--- START ---

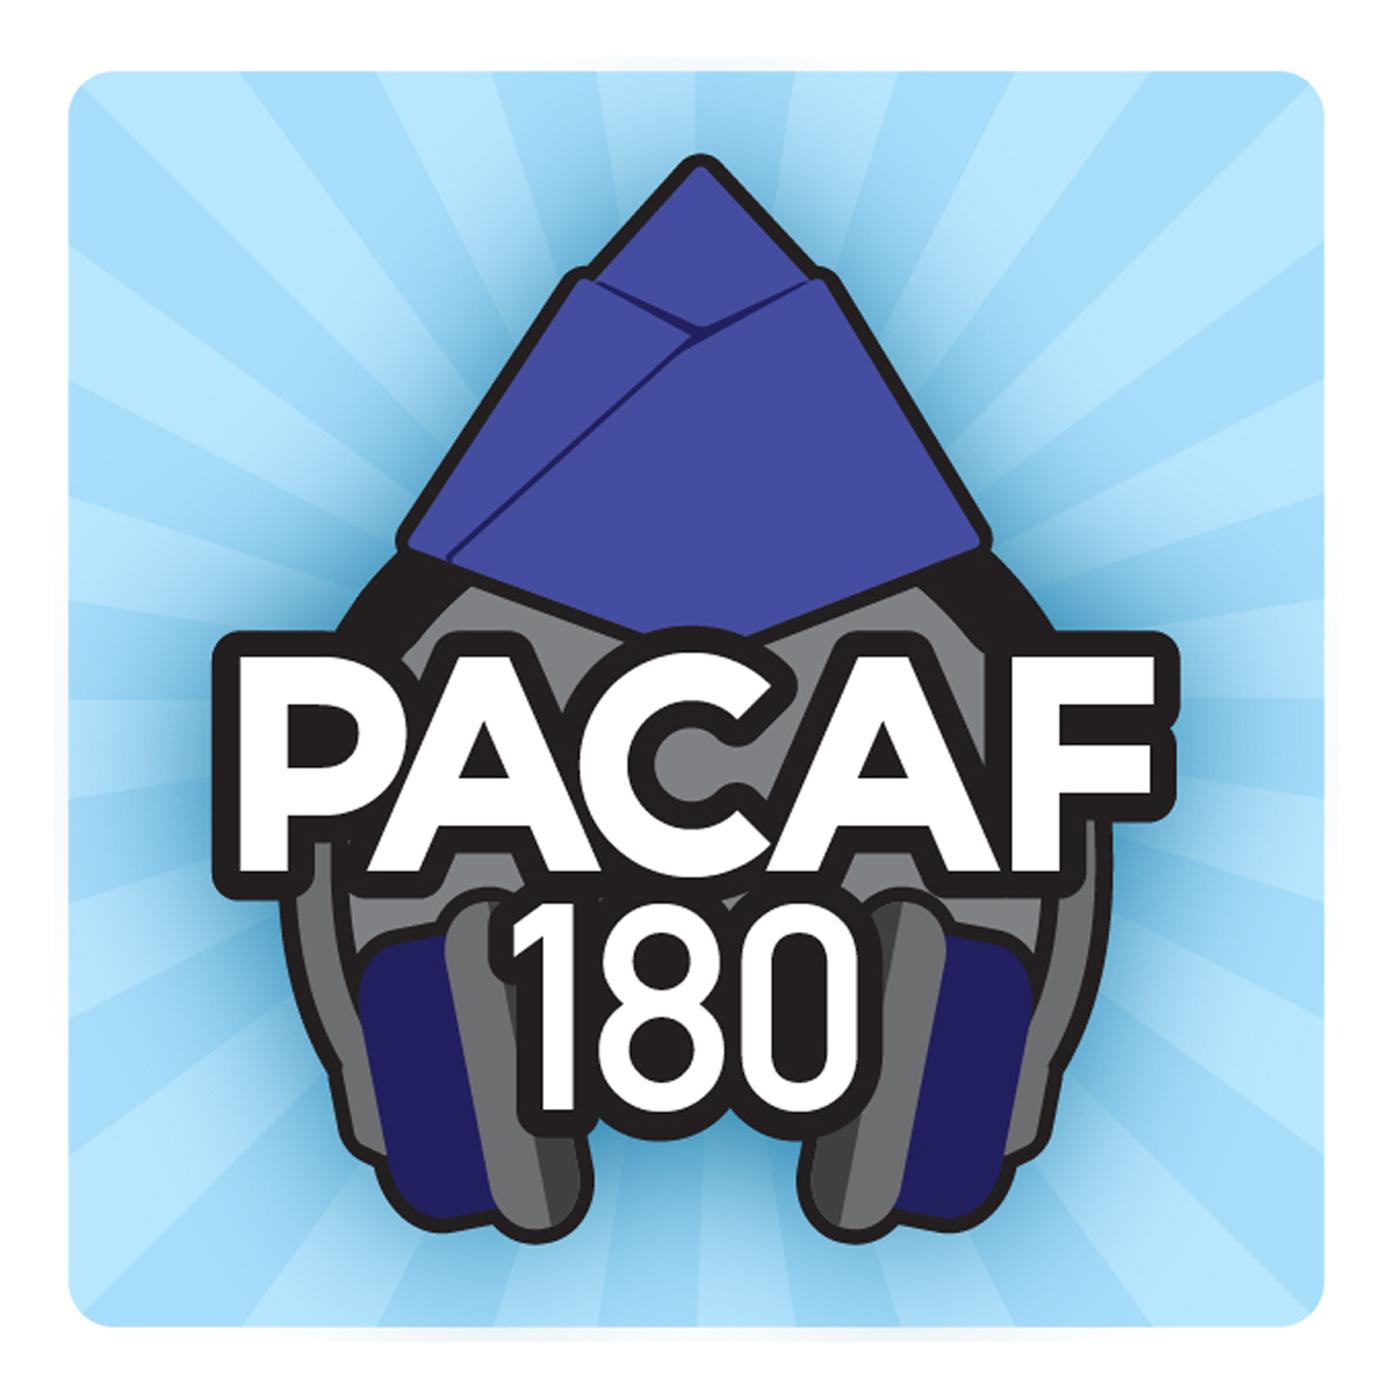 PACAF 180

--- END ---
--- START ---

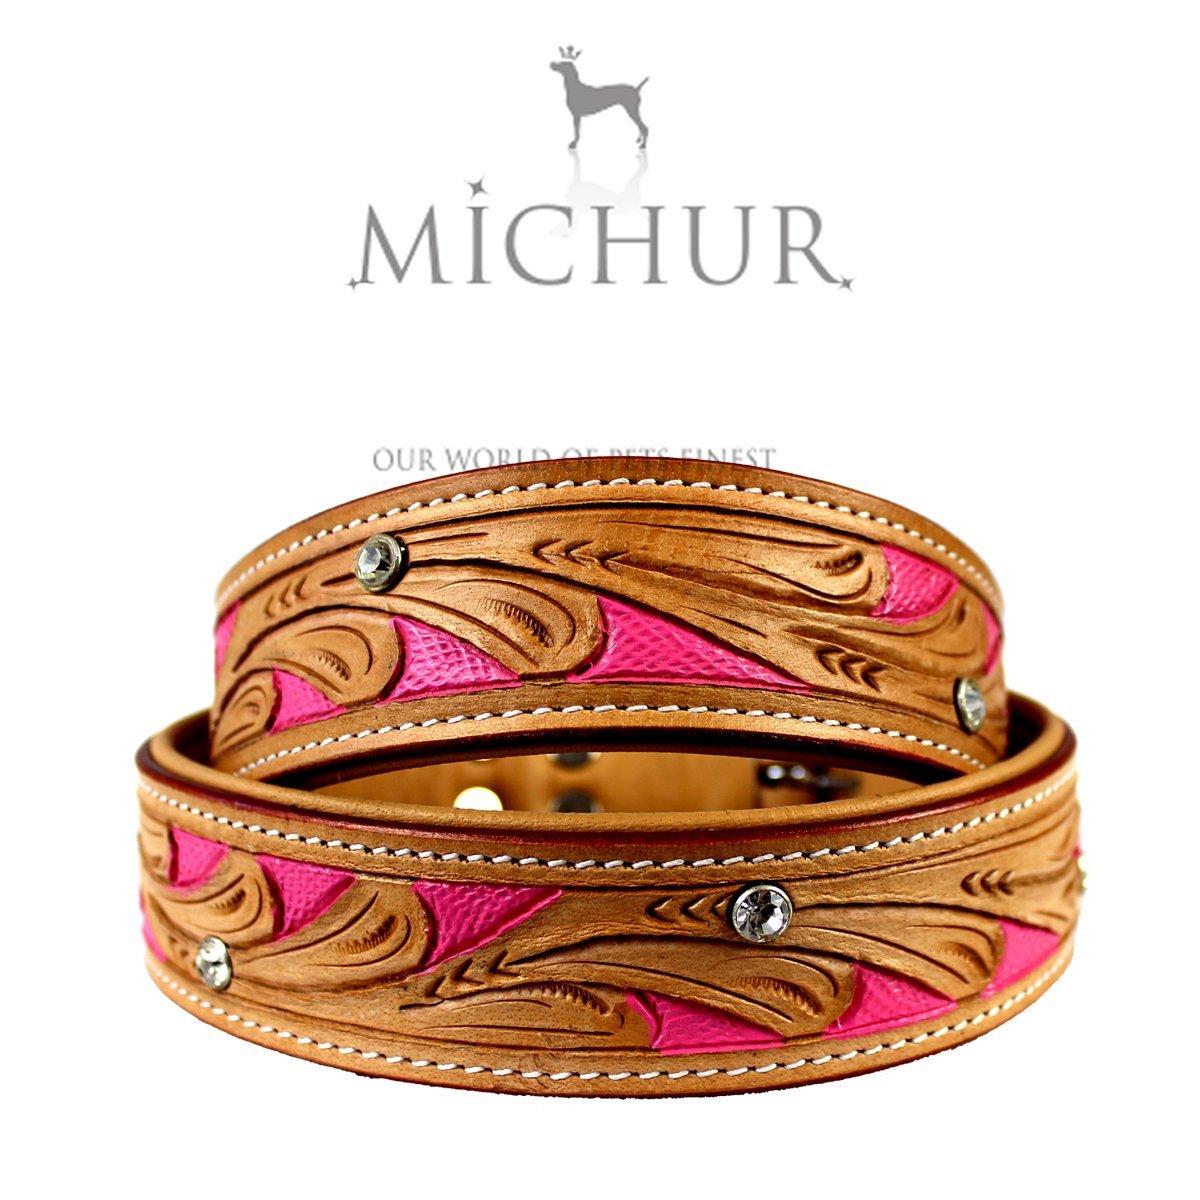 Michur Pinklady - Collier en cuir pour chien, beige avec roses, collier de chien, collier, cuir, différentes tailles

--- END ---
--- START ---

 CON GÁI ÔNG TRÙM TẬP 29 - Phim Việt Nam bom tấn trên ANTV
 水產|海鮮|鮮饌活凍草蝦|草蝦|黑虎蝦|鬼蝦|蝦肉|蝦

--- END ---

Exercise instructions: For the listing above, print only the lines starting at the line containing "CON GÁI ÔNG" and ending at the line containing "水產|海鮮|鮮饌活凍草蝦|草蝦|黑虎蝦|鬼蝦|蝦肉|蝦", exactly, both included.

Task response:
 CON GÁI ÔNG TRÙM TẬP 29 - Phim Việt Nam bom tấn trên ANTV
 水產|海鮮|鮮饌活凍草蝦|草蝦|黑虎蝦|鬼蝦|蝦肉|蝦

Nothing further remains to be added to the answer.